## [EXCERPTED RECORDS]

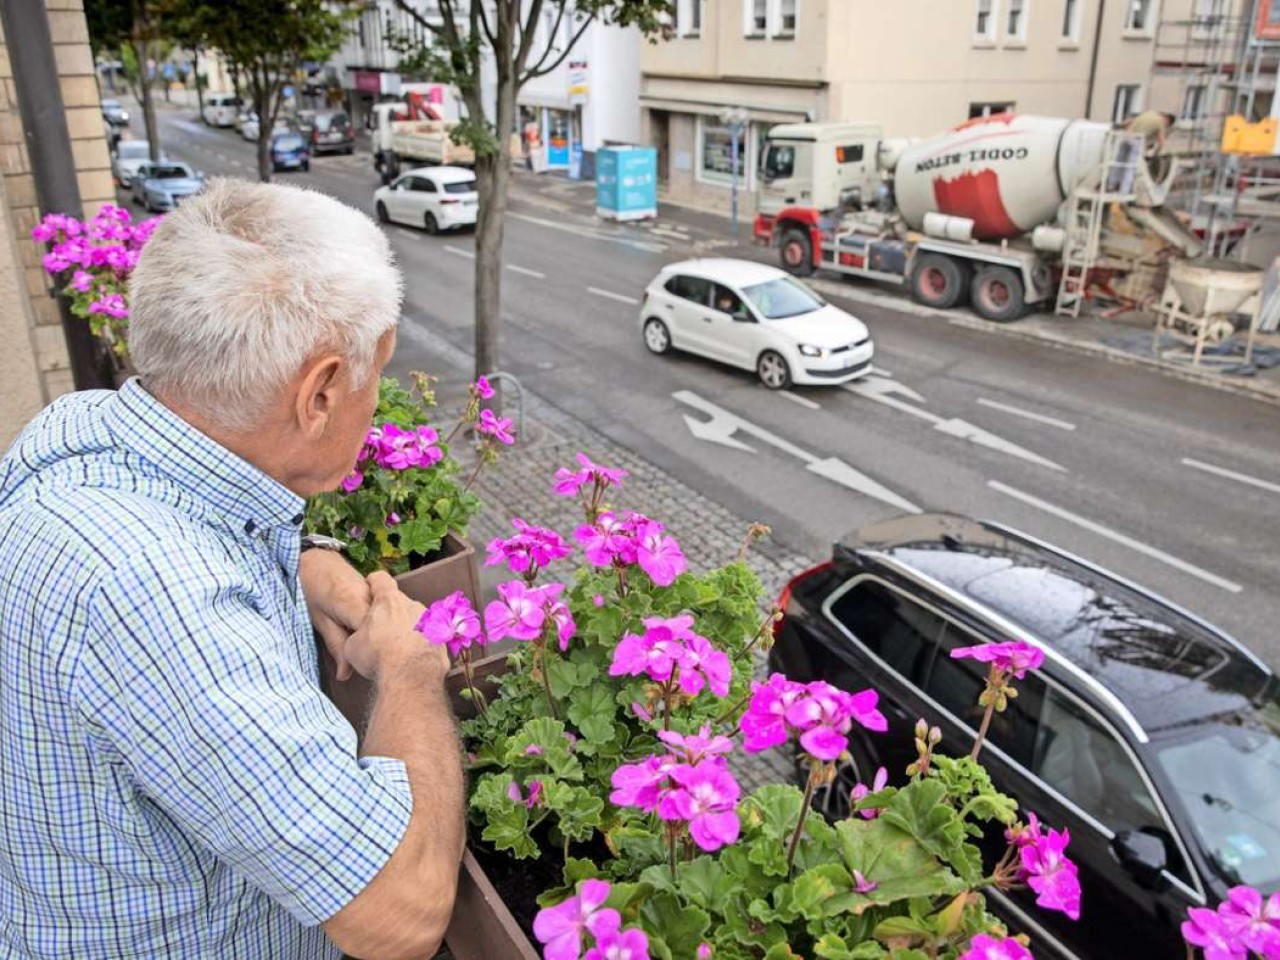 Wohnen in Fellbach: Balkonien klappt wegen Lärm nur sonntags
--
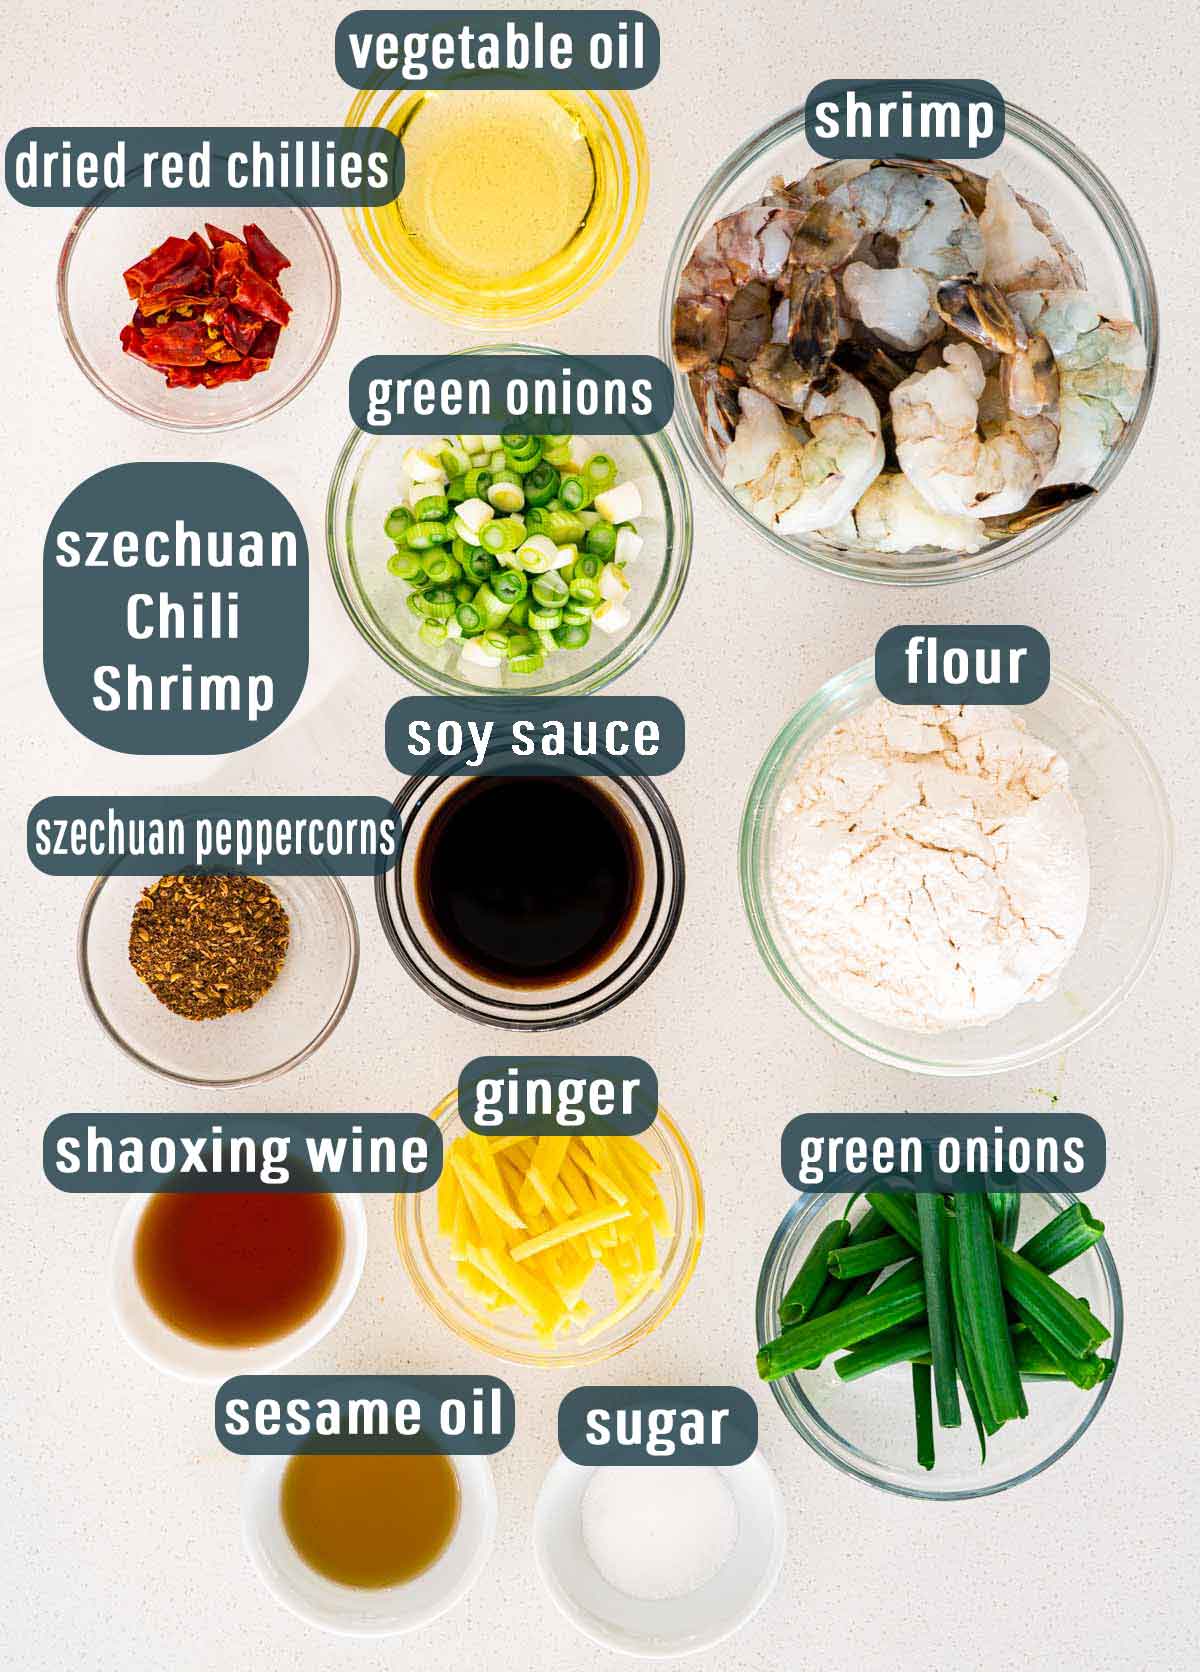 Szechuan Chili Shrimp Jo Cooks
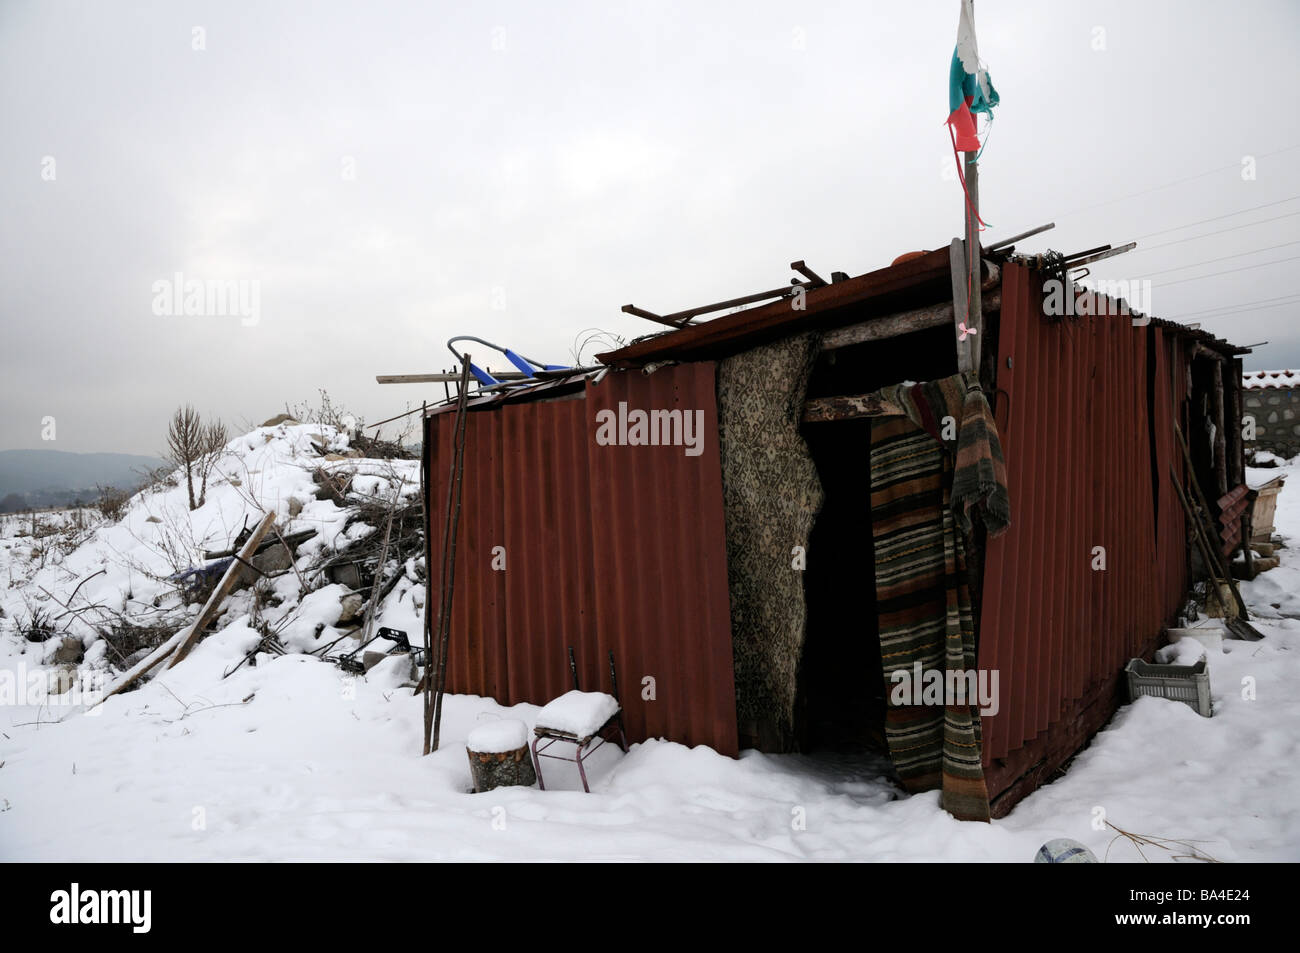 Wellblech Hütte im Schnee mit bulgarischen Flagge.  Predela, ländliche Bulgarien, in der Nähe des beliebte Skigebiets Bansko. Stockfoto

## [WHAT THE TASK REQUIRES]
Return the material from the line containing "Szechuan Chili Shrimp Jo Cooks" through the line containing "Wellblech Hütte im", exactly and in full, but without its pictures.

## [FINAL ANSWER]
 Szechuan Chili Shrimp Jo Cooks
 Wellblech Hütte im Schnee mit bulgarischen Flagge.  Predela, ländliche Bulgarien, in der Nähe des beliebte Skigebiets Bansko. Stockfoto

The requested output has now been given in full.